Howell alternatively maintains that he was treated differently because he was not from Arkansas and has now been incarcerated longer than other inmates convicted of more serious offenses. As the respondents correctly note, the allegations do not make him a member of a protected class or suggest that the Board is encroaching upon a fundamental right. He must therefore show that the Board "systematically and intentionally treated him differently from others similarly situated and that there is no rational basis for the difference in treatment." See Nolan v. Thompson, 521 F.3d 983, 990 (8th Cir. 2008) (internal quotations and citations omitted).
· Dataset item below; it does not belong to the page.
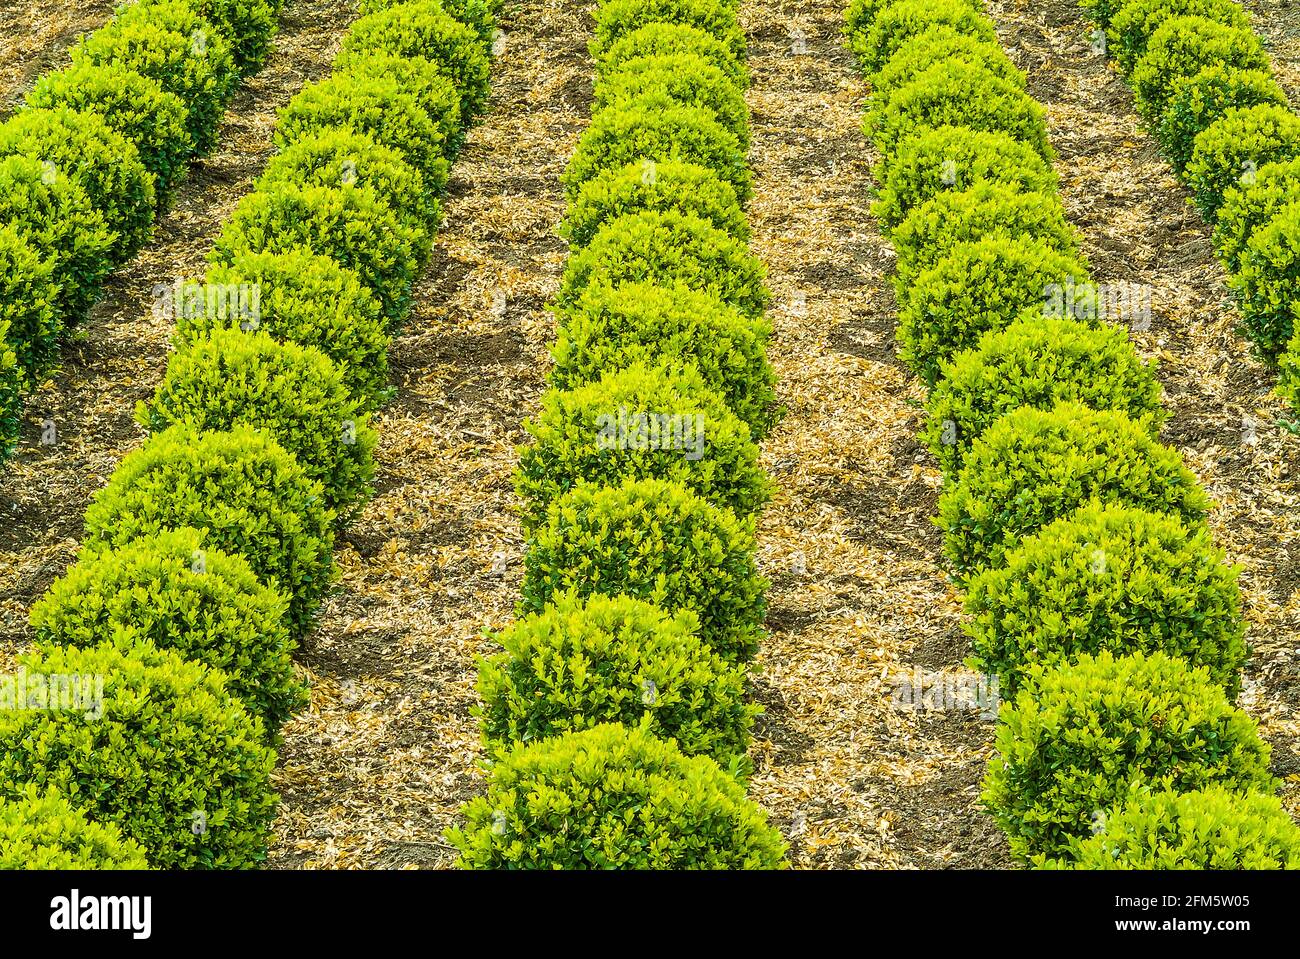 Industrial growth of green sculpted round buxus trees Stock Photo

Howell has failed to show that the Board systematically and intentionally treated him differently from other similarly situated inmates. The undersigned so finds because he has failed to identify similarly situated inmates. Specifically, he has failed to show that his case, and those of the inmates he identifies, presented similar factors relevant to the parole decision. For instance, Howell identifies white inmates Berry and Bates who Howell maintains were convicted of more serious offenses than he but who received favorable parole consideration. It is impossible to know, though, whether their cases were substantially similar to Howell's case, i.e., whether the factors relevant to the parole decision were present in all the cases.
HOWELL'S OTHER CLAIMS. Howell alleges a number of other claims in support of his petition. Several of the claims involve the alleged violation of state law or Board regulations. Those claims are not cognizable in this proceeding because "federal habeas corpus relief does not lie for errors of state law ..." See Evenstad v. Carlson, 470 F.3d 777 (8th Cir. 2006).
Howell also alleges he has now been held in custody longer than the forty-four months he was told he would serve. Assuming that this claim is cognizable, it is without merit. As the respondents correctly note, "the sentencing judge made no guarantees regarding parole but only offered what it understood was Howell's best-case parole-eligibility date, which, it cautioned, would depend on 'what good time [Howell] got and that sort of thing.' ... Howell's eligibility date ultimately fell somewhat later than the best-case date ..." See Document 10 at CM/ECF 8 (quoting Document 10 at CM/ECF 43).
RECOMMENDATION. On the basis of the foregoing, the undersigned finds that Howell's claims warrant no relief. It is recommended that his petition for writ of habeas corpus be dismissed, all requested relief be denied, and judgment be entered for Kelley. A certificate of appealability should also be denied.
DATED this 30th day of August, 2016.